━━━ Material provided
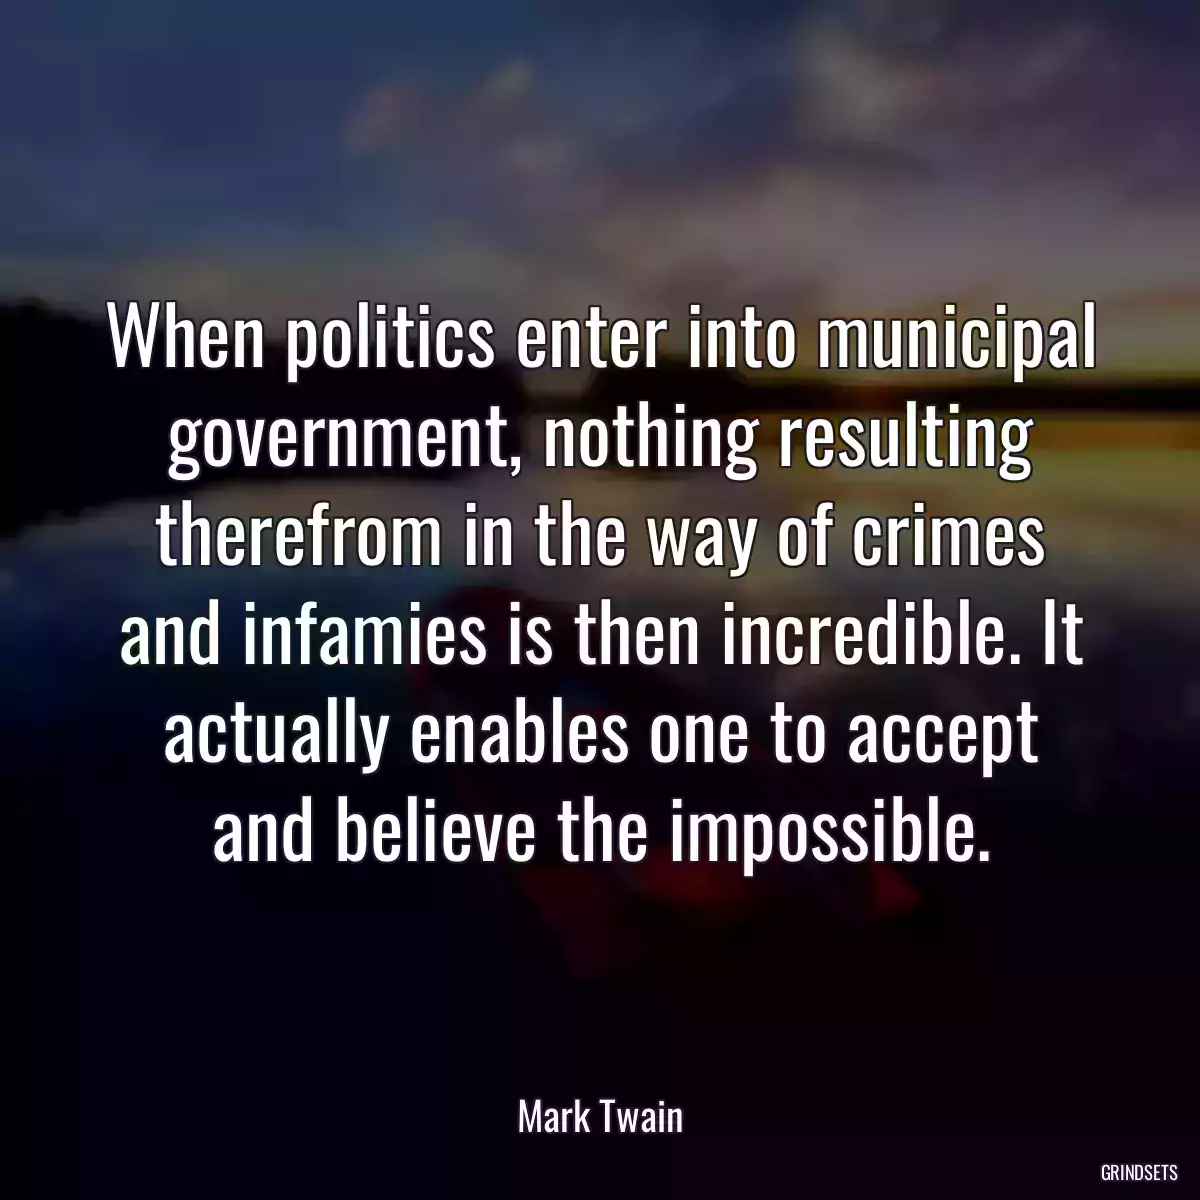 When politics enter into municipal government, nothing resulting therefrom in the way of crimes and infamies is then incredible. It actually enables one to accept and believe the impossible.
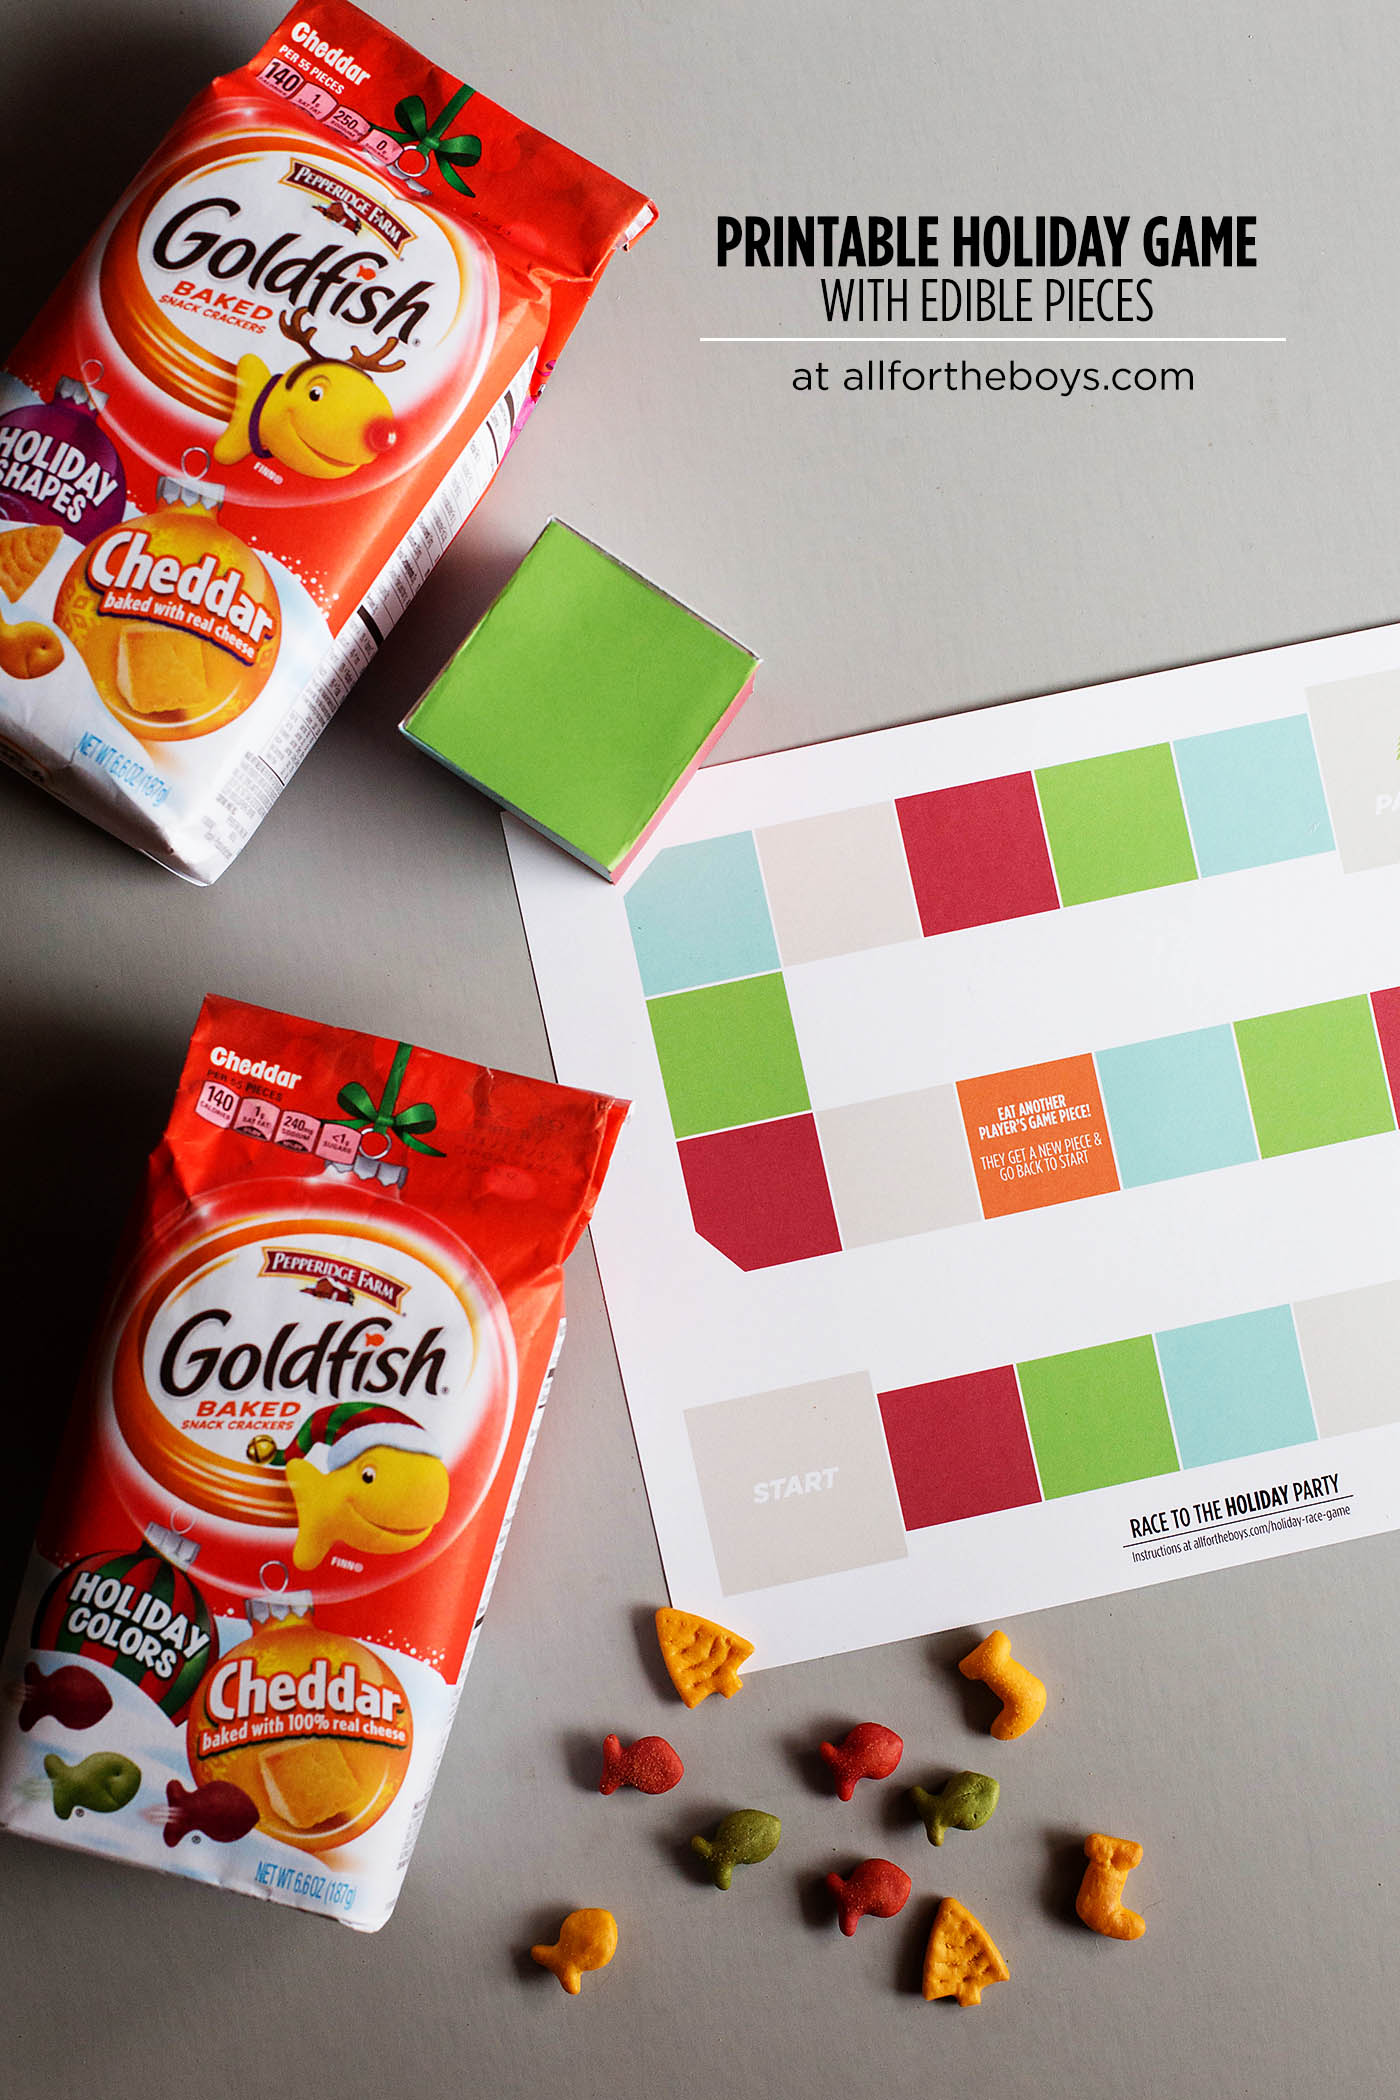 Printable holiday game with edible playing pieces!
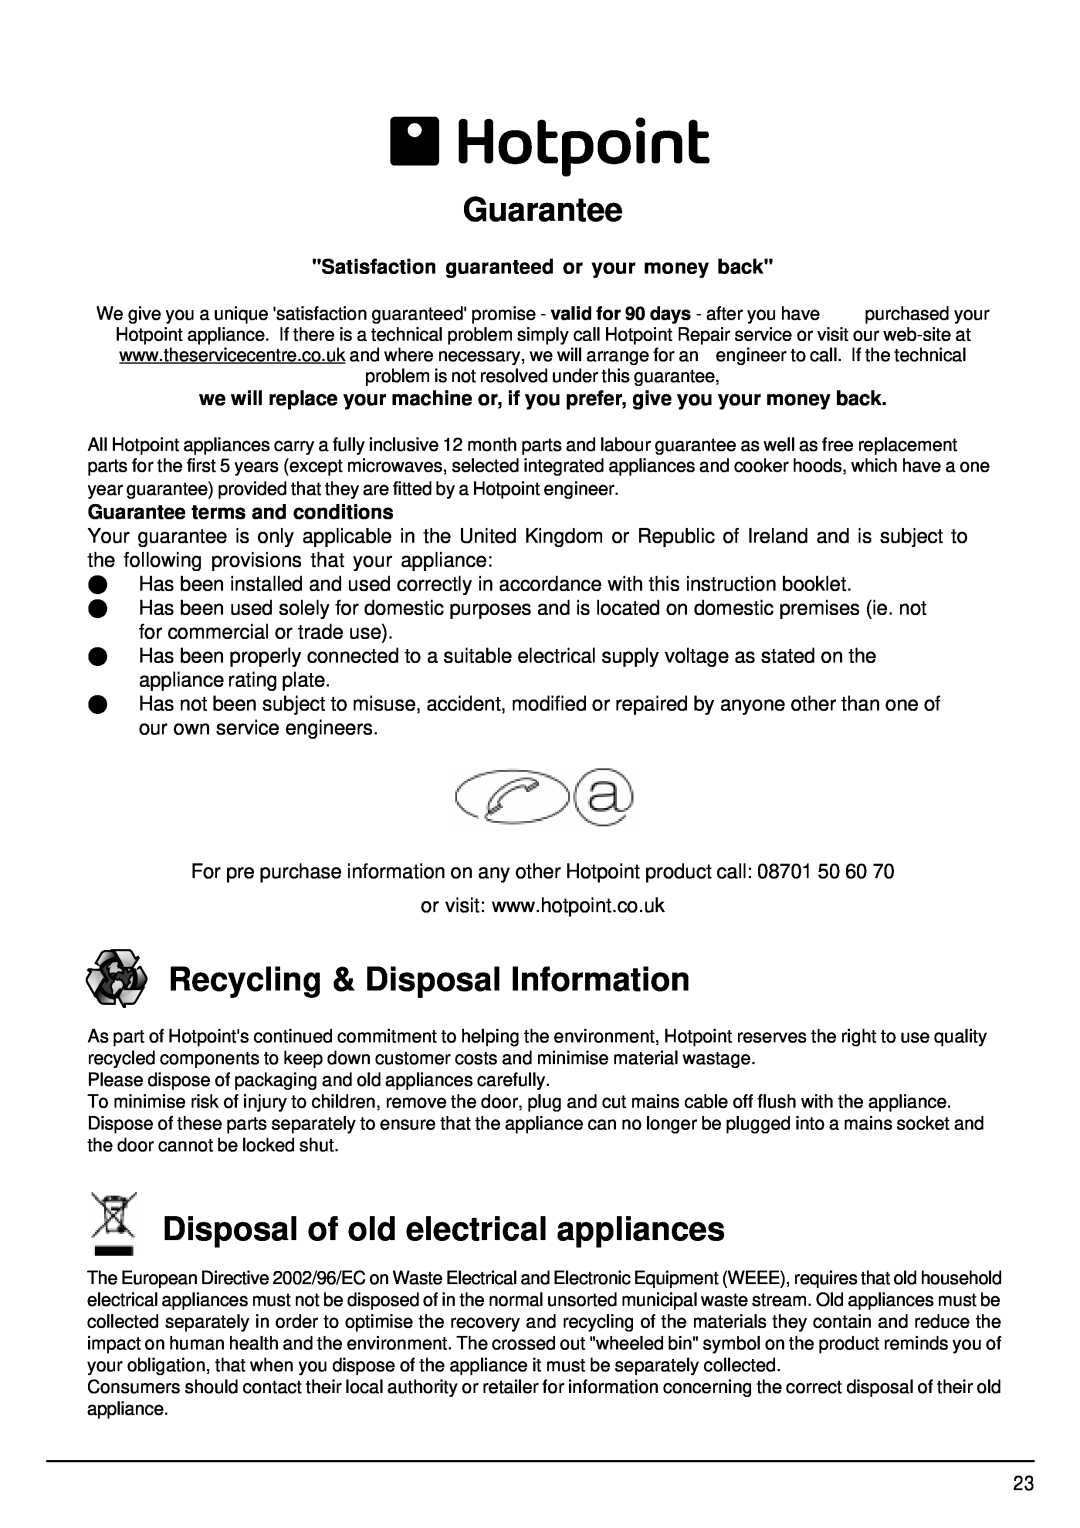 Hotpoint FDW85 manual Guarantee, Recycling & Disposal Information, Disposal of old electrical appliances
━━━━━━
_Problem to work on_: No pictures, please. Output the listing above exactly as it stands.

_Solution below_:
 When politics enter into municipal government, nothing resulting therefrom in the way of crimes and infamies is then incredible. It actually enables one to accept and believe the impossible.
 Printable holiday game with edible playing pieces!
 Hotpoint FDW85 manual Guarantee, Recycling & Disposal Information, Disposal of old electrical appliances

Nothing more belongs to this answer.